WORK TO COMPLETE:
Print the line where "Adidas 重訓二件組(啞鈴1kg+基礎訓練型跳繩)" occurs and every line that follows it in the data below, ending with the last line, precisely as written.

Collected data entries:
>>>
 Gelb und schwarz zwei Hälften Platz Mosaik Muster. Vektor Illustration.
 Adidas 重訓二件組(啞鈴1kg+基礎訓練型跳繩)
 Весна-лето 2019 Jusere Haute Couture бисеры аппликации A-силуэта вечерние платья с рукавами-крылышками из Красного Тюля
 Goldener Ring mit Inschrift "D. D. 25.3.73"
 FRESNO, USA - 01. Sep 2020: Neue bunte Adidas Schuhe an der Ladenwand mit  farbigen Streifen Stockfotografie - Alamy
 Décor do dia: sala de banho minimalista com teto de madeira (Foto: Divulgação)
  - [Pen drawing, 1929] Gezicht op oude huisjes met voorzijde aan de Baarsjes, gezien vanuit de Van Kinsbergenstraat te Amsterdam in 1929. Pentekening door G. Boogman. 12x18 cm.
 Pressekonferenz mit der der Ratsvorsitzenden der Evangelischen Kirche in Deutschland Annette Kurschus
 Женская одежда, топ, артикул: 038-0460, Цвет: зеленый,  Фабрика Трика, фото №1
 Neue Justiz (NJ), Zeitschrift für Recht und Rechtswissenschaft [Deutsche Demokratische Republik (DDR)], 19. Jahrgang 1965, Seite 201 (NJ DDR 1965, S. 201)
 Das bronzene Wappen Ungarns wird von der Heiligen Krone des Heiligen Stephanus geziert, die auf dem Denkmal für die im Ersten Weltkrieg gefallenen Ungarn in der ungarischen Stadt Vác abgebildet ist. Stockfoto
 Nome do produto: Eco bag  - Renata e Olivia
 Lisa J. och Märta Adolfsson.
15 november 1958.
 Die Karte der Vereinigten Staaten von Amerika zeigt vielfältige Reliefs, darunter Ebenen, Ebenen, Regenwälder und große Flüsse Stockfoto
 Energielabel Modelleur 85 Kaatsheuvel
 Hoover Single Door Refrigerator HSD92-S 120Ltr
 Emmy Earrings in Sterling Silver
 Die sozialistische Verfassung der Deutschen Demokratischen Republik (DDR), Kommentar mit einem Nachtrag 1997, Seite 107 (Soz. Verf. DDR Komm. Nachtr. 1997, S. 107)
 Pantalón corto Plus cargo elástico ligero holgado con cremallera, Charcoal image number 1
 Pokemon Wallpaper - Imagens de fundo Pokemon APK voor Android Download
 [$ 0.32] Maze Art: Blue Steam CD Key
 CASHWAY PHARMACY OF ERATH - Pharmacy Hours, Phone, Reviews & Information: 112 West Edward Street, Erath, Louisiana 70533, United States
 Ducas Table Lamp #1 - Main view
<<<
WRITTEN REPLY:
 Adidas 重訓二件組(啞鈴1kg+基礎訓練型跳繩)
 Весна-лето 2019 Jusere Haute Couture бисеры аппликации A-силуэта вечерние платья с рукавами-крылышками из Красного Тюля
 Goldener Ring mit Inschrift "D. D. 25.3.73"
 FRESNO, USA - 01. Sep 2020: Neue bunte Adidas Schuhe an der Ladenwand mit  farbigen Streifen Stockfotografie - Alamy
 Décor do dia: sala de banho minimalista com teto de madeira (Foto: Divulgação)
  - [Pen drawing, 1929] Gezicht op oude huisjes met voorzijde aan de Baarsjes, gezien vanuit de Van Kinsbergenstraat te Amsterdam in 1929. Pentekening door G. Boogman. 12x18 cm.
 Pressekonferenz mit der der Ratsvorsitzenden der Evangelischen Kirche in Deutschland Annette Kurschus
 Женская одежда, топ, артикул: 038-0460, Цвет: зеленый,  Фабрика Трика, фото №1
 Neue Justiz (NJ), Zeitschrift für Recht und Rechtswissenschaft [Deutsche Demokratische Republik (DDR)], 19. Jahrgang 1965, Seite 201 (NJ DDR 1965, S. 201)
 Das bronzene Wappen Ungarns wird von der Heiligen Krone des Heiligen Stephanus geziert, die auf dem Denkmal für die im Ersten Weltkrieg gefallenen Ungarn in der ungarischen Stadt Vác abgebildet ist. Stockfoto
 Nome do produto: Eco bag  - Renata e Olivia
 Lisa J. och Märta Adolfsson.
15 november 1958.
 Die Karte der Vereinigten Staaten von Amerika zeigt vielfältige Reliefs, darunter Ebenen, Ebenen, Regenwälder und große Flüsse Stockfoto
 Energielabel Modelleur 85 Kaatsheuvel
 Hoover Single Door Refrigerator HSD92-S 120Ltr
 Emmy Earrings in Sterling Silver
 Die sozialistische Verfassung der Deutschen Demokratischen Republik (DDR), Kommentar mit einem Nachtrag 1997, Seite 107 (Soz. Verf. DDR Komm. Nachtr. 1997, S. 107)
 Pantalón corto Plus cargo elástico ligero holgado con cremallera, Charcoal image number 1
 Pokemon Wallpaper - Imagens de fundo Pokemon APK voor Android Download
 [$ 0.32] Maze Art: Blue Steam CD Key
 CASHWAY PHARMACY OF ERATH - Pharmacy Hours, Phone, Reviews & Information: 112 West Edward Street, Erath, Louisiana 70533, United States
 Ducas Table Lamp #1 - Main view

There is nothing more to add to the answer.